Imagination technology reveals its E-series graphics processing units (GPUS) for graphics and AI processing on the sting.
Performance The products redefined the design of Edge AI and graphics system with the beginning and used a highly efficient parallel processing architecture to supply a rare graphic performance and at the identical time scale from two to 200 TOPS INT8/FP8 for AI workloads.
In a briefing, Kristof Rüben, Vice President of Product Management at Imagination, told me that the GPUs have a clever mixture of AI processing components inside the chip in order that the processing tasks are most efficiently treated. This helps to tell apart it from other GPUs in the marketplace, and enables the imagination to focus on special markets similar to automobiles.
He said the GPU family offers a flexible and programmable solution for future EDGE applications, including graphics, desktop applications, processing of natural language on smartphones, industrial computers vision and vehicle autonomy.
Two recent technologies underpin the potential of the E series for transformation of edge systems:
- Neural kernels: These kernels scale as much as 200 tops (INT8/FP8) and supply considerable acceleration for AI and calculate workloads.
- Burst processors: A highly progressive solution that provides an improvement in the common performance efficiency of 35% for edge applications.
“The AI for the device is developing rapidly, but Edge AI system designer still have challenges in the event of performance and efficiency with flexibility,” said Phil Solis, research director at IDC. “Imagination has used its a few years of experience in the event of electricity-efficient GPUs and developed it to flexibly support each graphics and AI employees.
High -performance acceleration for AI with low performance

The E-series continues to supply the prolonged graphics functions of earlier generations of imagination GPUs, including support for Ray persecution. As a result, it adds a deeply integrated acceleration for powerful, low precision AI operations in every GPU core. This creates the nervous, calculated E-series nerve seeds, which scale as much as 200 suggestions in INT8 and unleash the AI performance of the previous D series as much as 400%.
The neuronal cores support a wide selection of popular AI numbers formats and enable developers to design networks that meet a wide selection of performance, accuracy and electricity demands.
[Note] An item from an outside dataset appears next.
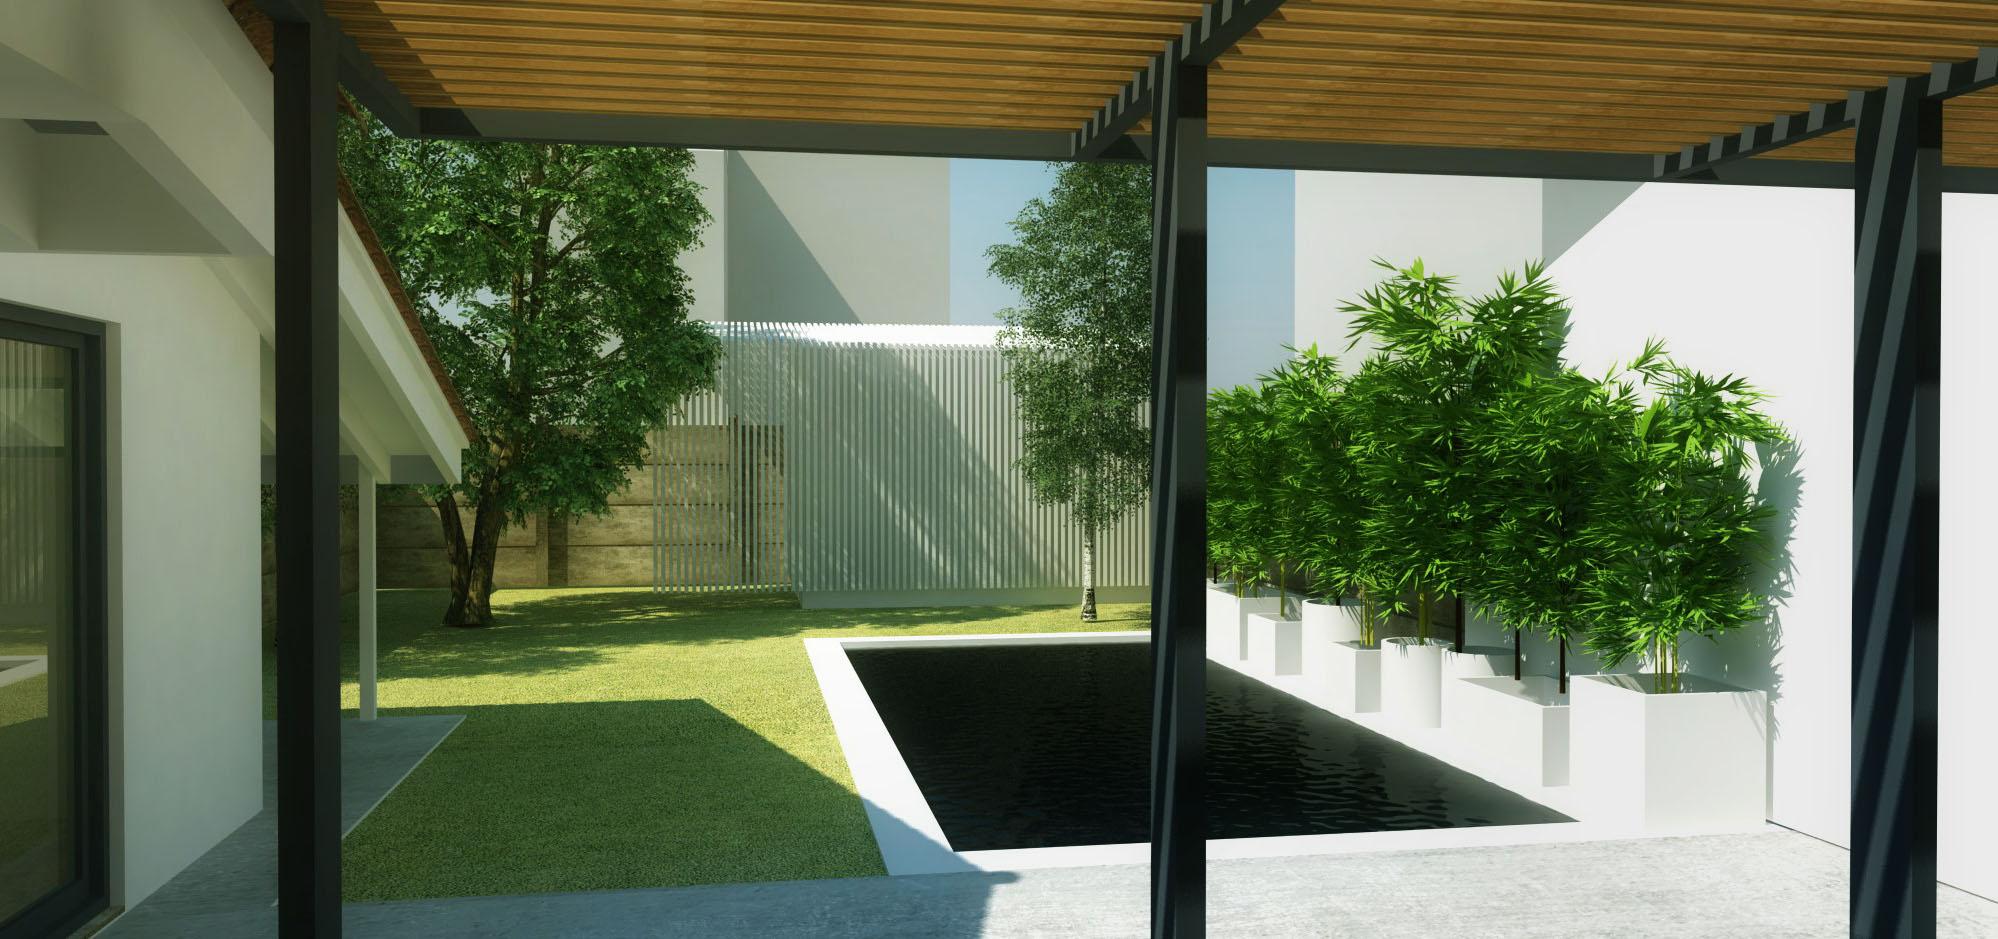 Construction d'un bungalow, d'une piscine et aménagement d'un jardin à Bordeaux
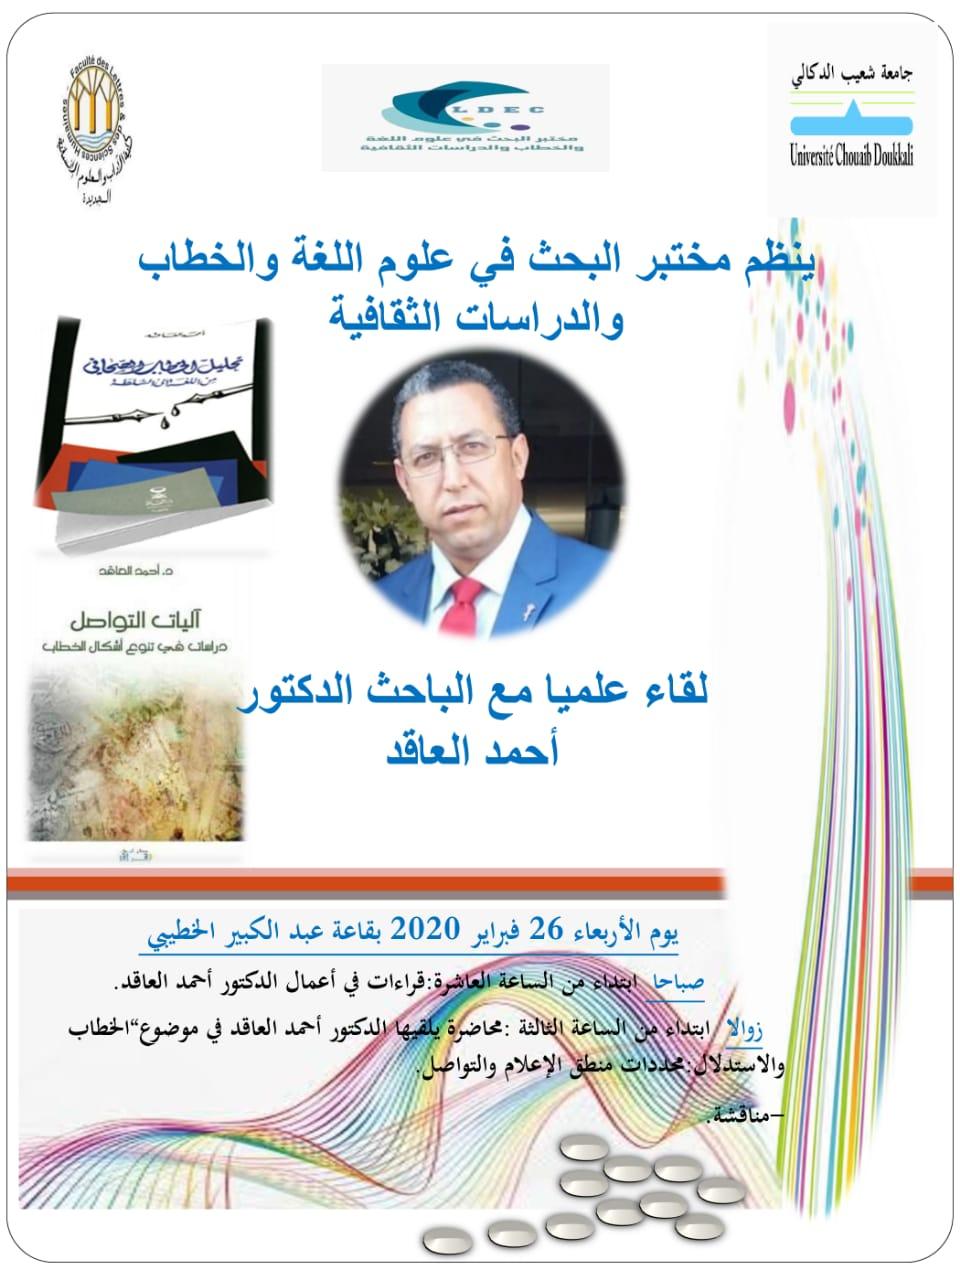 'جمعية مزغان الرياضية لأسرة التعليم' تعرض مشروعها على المدير الاقليمي للتعليم بالجديدة.

One of its quite a few performance efficiency measures is a AI-friendly memory architecture that prioritizes the local memory for calculation and significantly reduces the performance and repair costs for coping with the external memory.
Programmable AI for future -proof system design

GPUs are programmable processors which might be future -proof devices against the continual development of workloads from AI, calculation and graphics. The neural kernels of the E series correspond to the ecosystem of the broader GPU and heterogeneous computer software by deeply integrating the AI acceleration within the GPU.
Your skills might be activated by popular APIs similar to OpenCl, and developers can easily move their workload with open standards and tools similar to OneApi, Apache TVM or Litert to the neural cores. The calculation of libraries of imagination and the highly optimized graph compiler maximize the GPU efficiency.
“The integration of Edge Ai hardware and software is crucial to unlock the potential of on-device intelligence,” said Parv Sharma, Senior Analyst at Contrapoint Research. “The E-series enables developers to offer AI algorithms on several applications and devices.”
Efficient processing for persistent EDGE AI and graphics performance

The PowerVR GPU architecture of imagination is understood for its energy efficiency and has been utilized in electricity supply devices for nearly twenty years. The recent Burst processor technology of the ESERISE improves performance efficiency by one other 35% for AI workloads, games and user interfaces. This improvement is achieved by reducing the pipeline depth and minimizing the info movement inside the GPU.
The GPU that does more
Modern devices have gotten increasingly complex and processors are required to support several graphics and AI workloads at the identical time. The ensure quality quality (QOS) and clear prioritization in these workloads is of crucial importance for the user experience.
The E series improves the multitasking functions of previous generations by doubling the variety of virtual machines supported by imagination GPUs with hardware back gaps to sixteen with sophisticated QOS support. Multicore variants of the E-Series GPUs can use additional cores for added performance or improved flexibility. These GPUs can edit several graphics workloads, several AI workloads or a mixture of each at the identical time.
“The E-series will concentrate on the GPU each graphics and EDGE-KI systems,” said Tim Mamtora, head of innovation and engineering in imagination, in a proof. “For system designers who should perform each graphics and workloads, an E-series GPU is a flexible solution that eliminates the necessity for added vector-based or fixed function AI solutions and offers future-proof flexibility and at the identical time saves the overall costs for system design.”
The first GPU IP of the E series is offered in autumn 2025 and has already been licensed. The variations for automotive, consumer, desktop and mobile radio variations are under development.